▶ _ACTION ITEM_: From the line with "Paragon axle grease" to the final line of the data below, please write out every line exactly, with no pictures.

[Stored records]
+---+

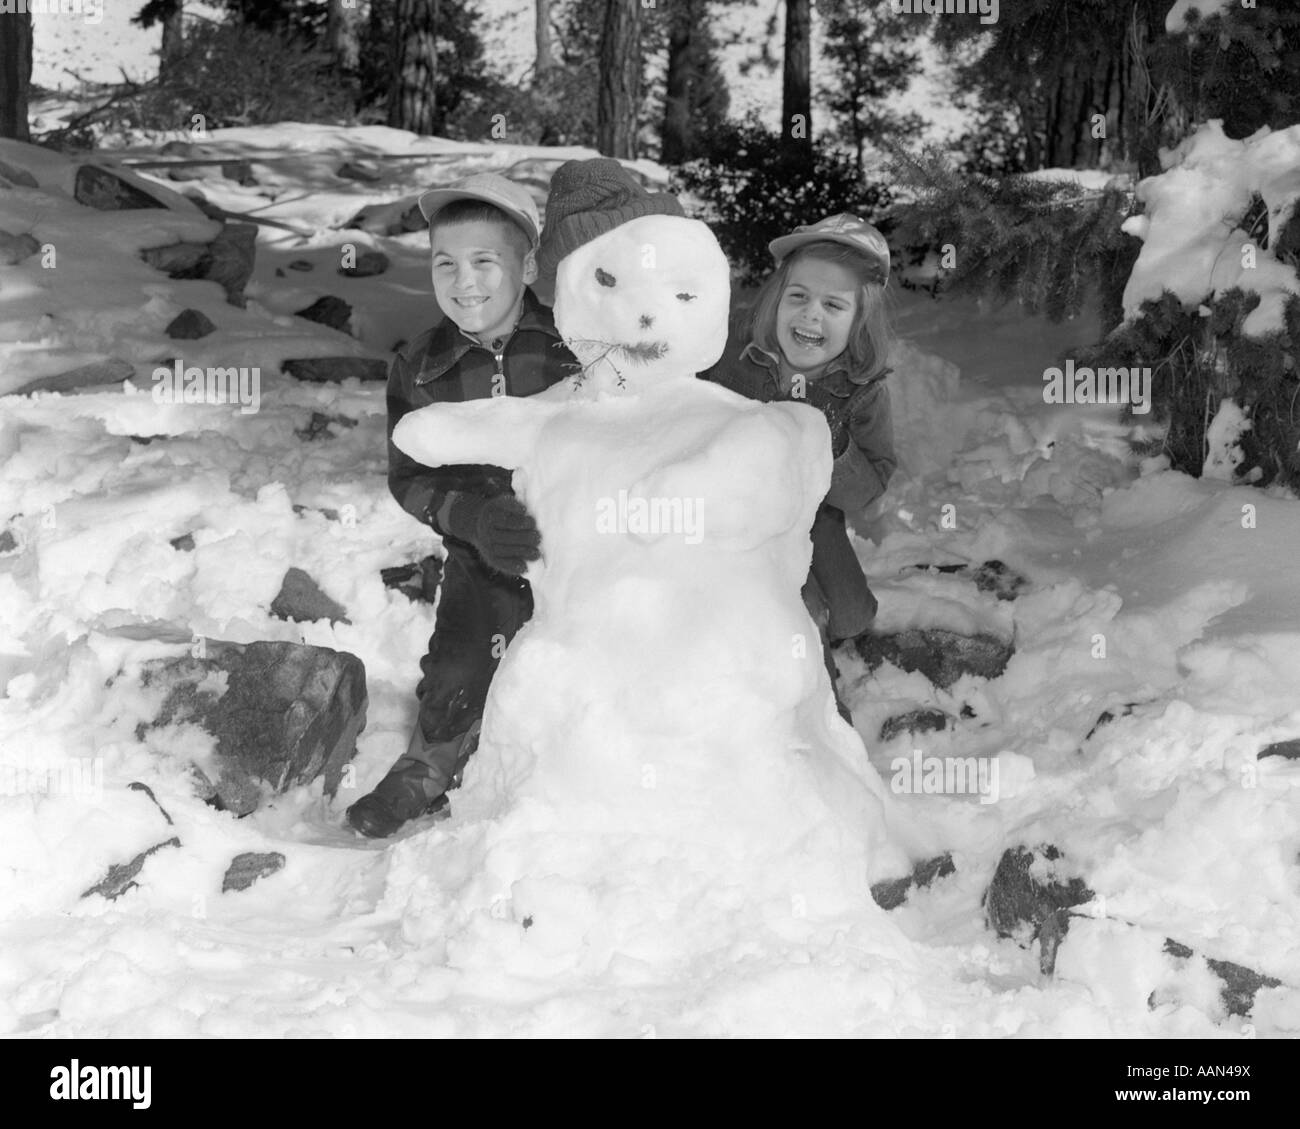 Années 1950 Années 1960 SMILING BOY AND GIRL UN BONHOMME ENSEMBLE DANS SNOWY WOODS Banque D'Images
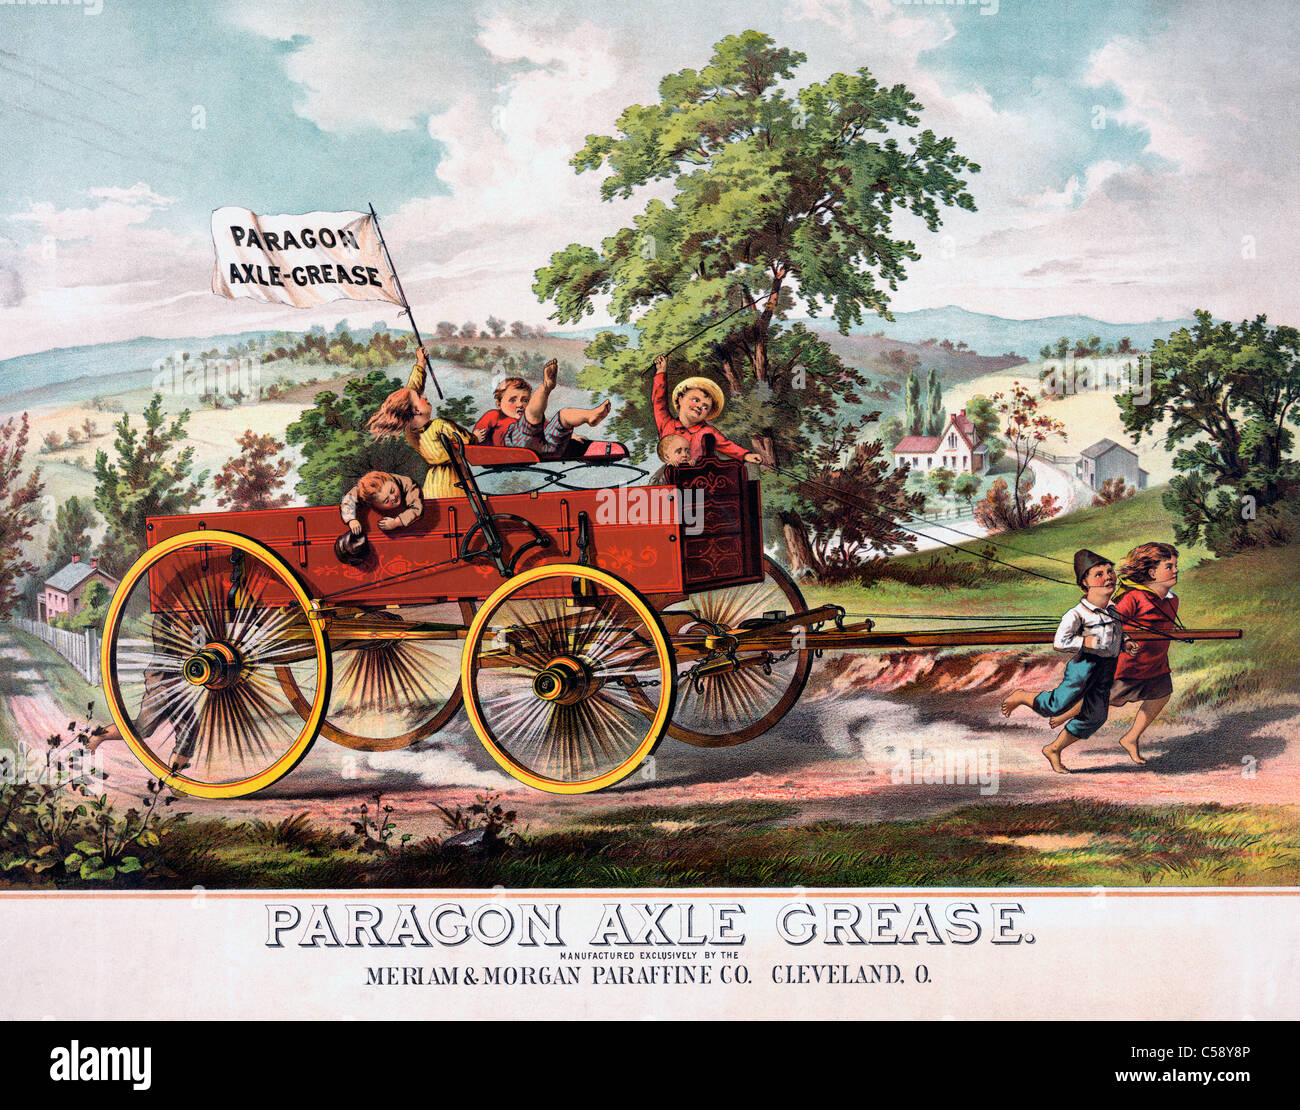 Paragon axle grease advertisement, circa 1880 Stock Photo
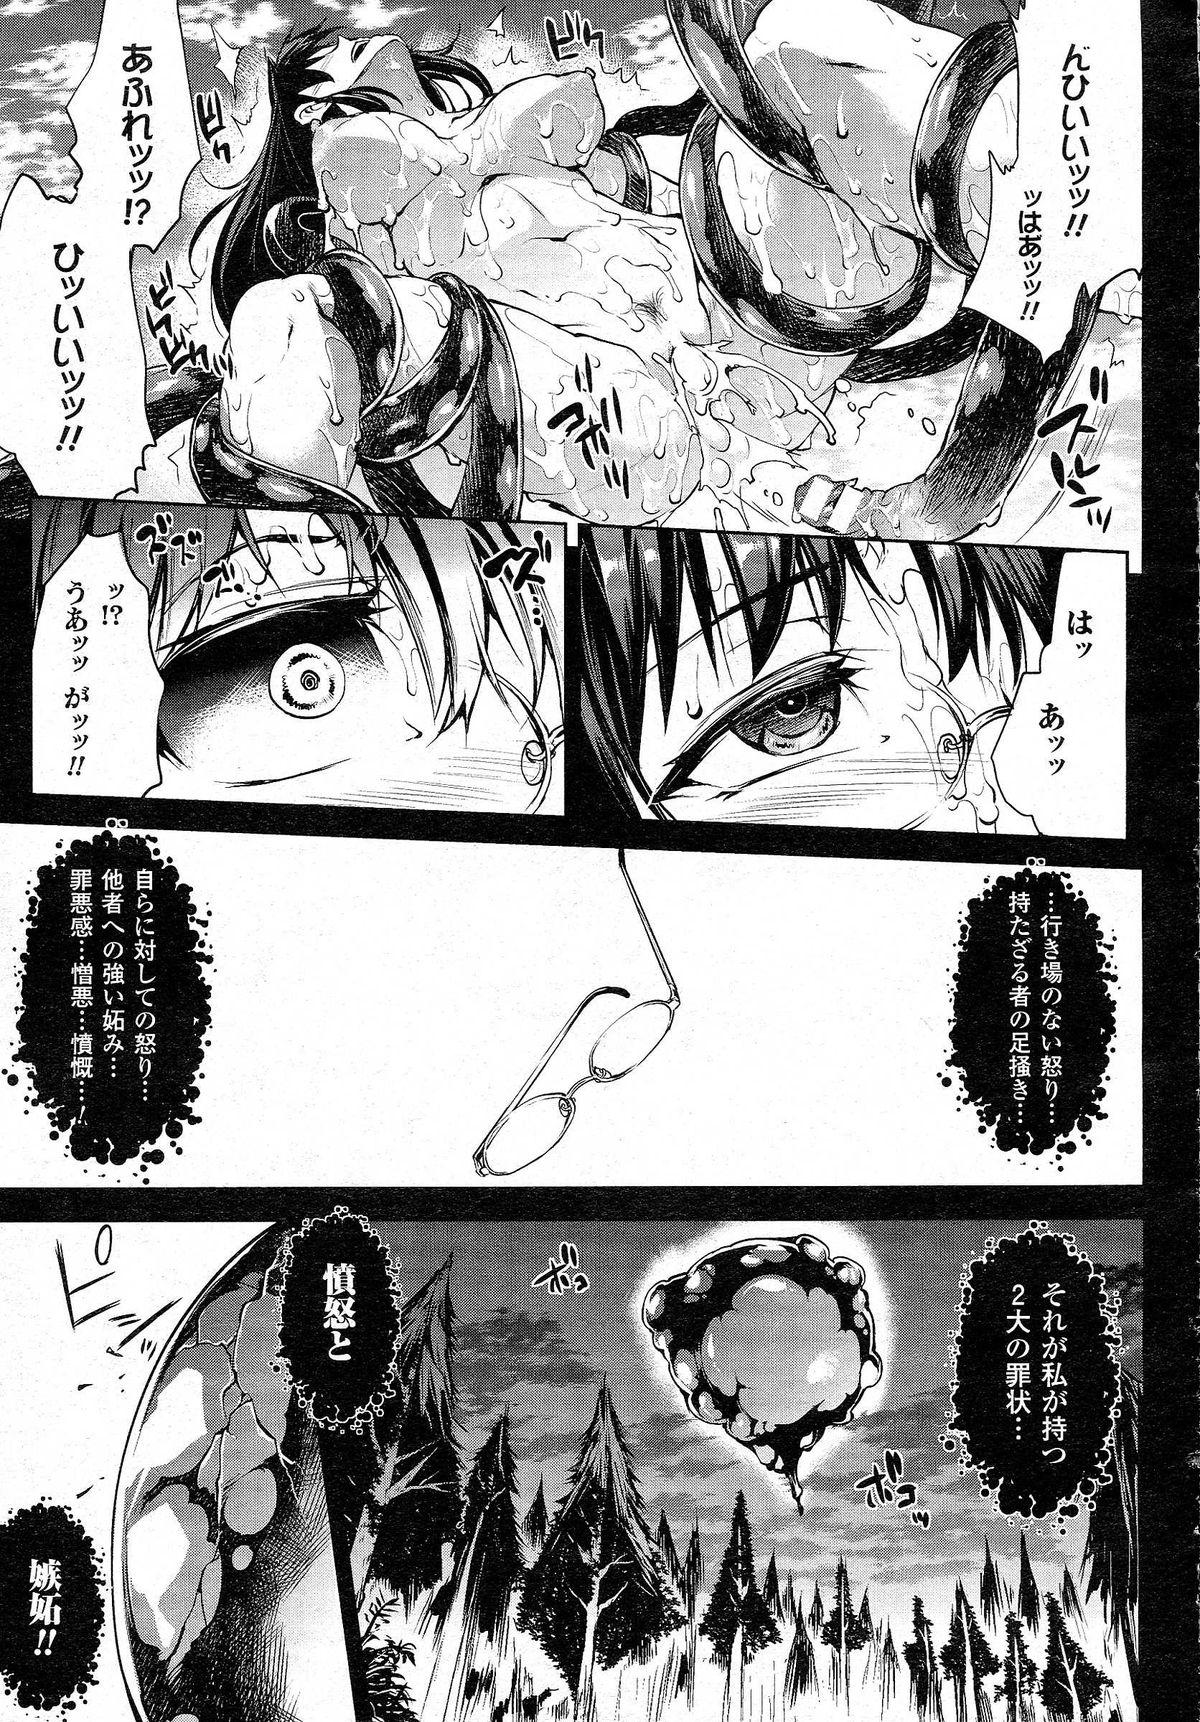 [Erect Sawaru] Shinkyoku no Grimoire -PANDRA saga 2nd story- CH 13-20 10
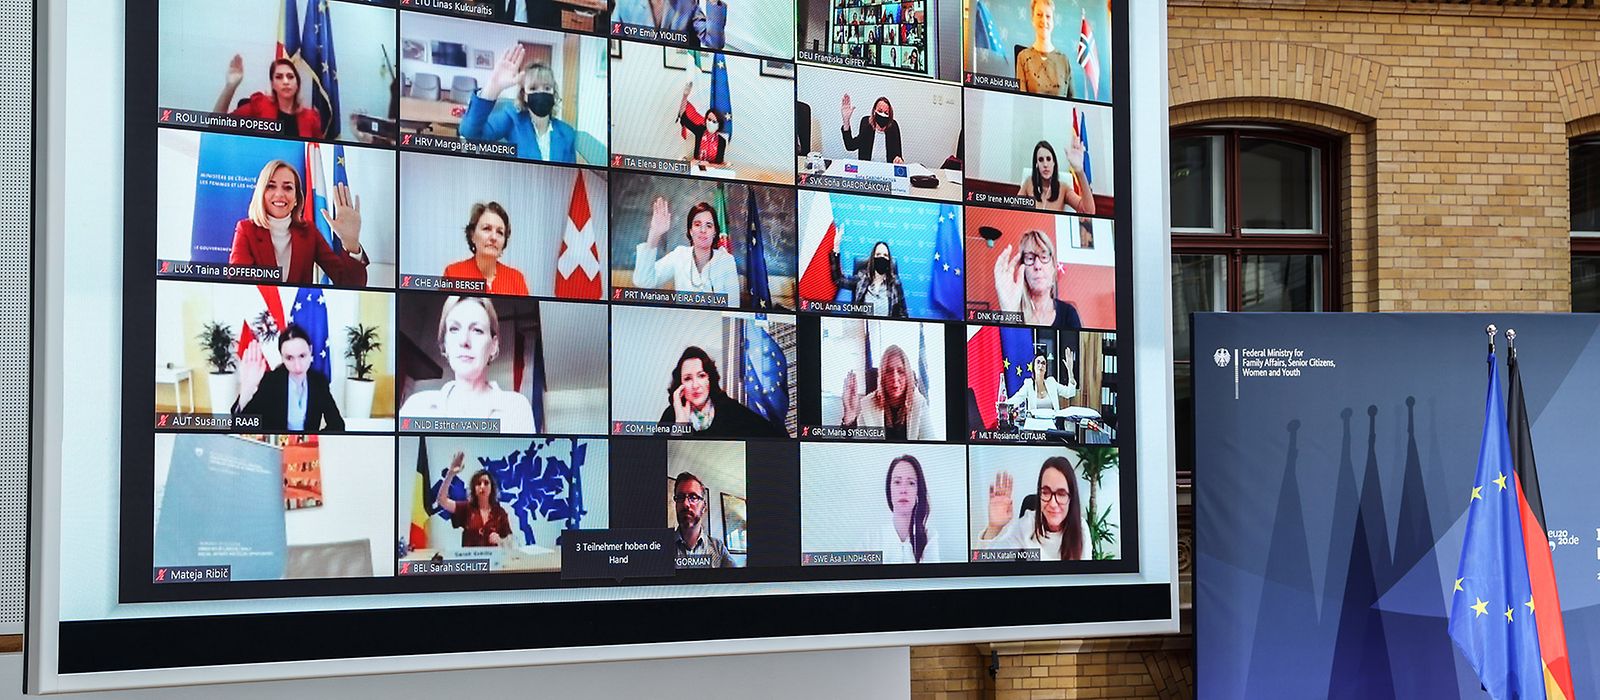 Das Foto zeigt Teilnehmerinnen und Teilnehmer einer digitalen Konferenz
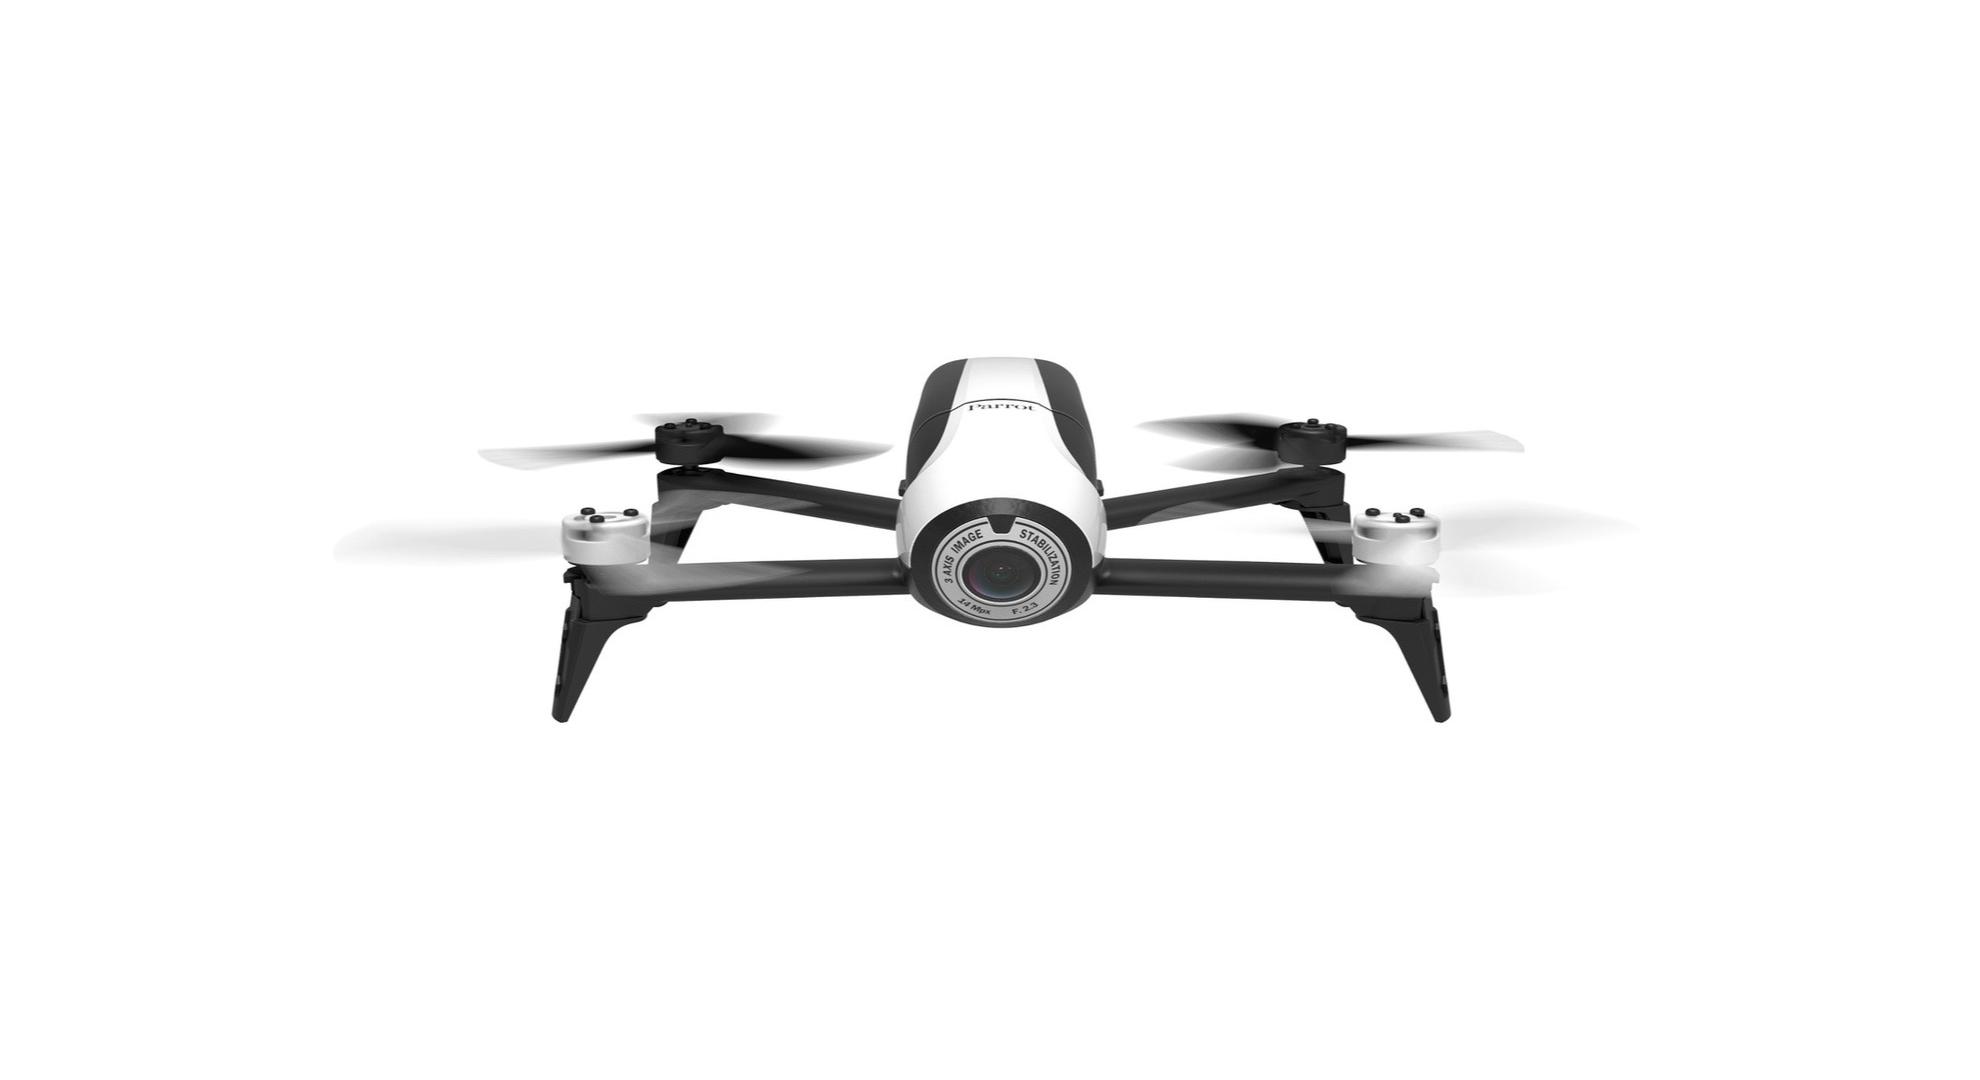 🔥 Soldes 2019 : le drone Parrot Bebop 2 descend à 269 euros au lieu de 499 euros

+---+

▶ _SOLUTION FOR THIS EXERCISE_:
 Paragon axle grease advertisement, circa 1880 Stock Photo
 [Erect Sawaru] Shinkyoku no Grimoire -PANDRA saga 2nd story- CH 13-20 10
 Das Foto zeigt Teilnehmerinnen und Teilnehmer einer digitalen Konferenz
 🔥 Soldes 2019 : le drone Parrot Bebop 2 descend à 269 euros au lieu de 499 euros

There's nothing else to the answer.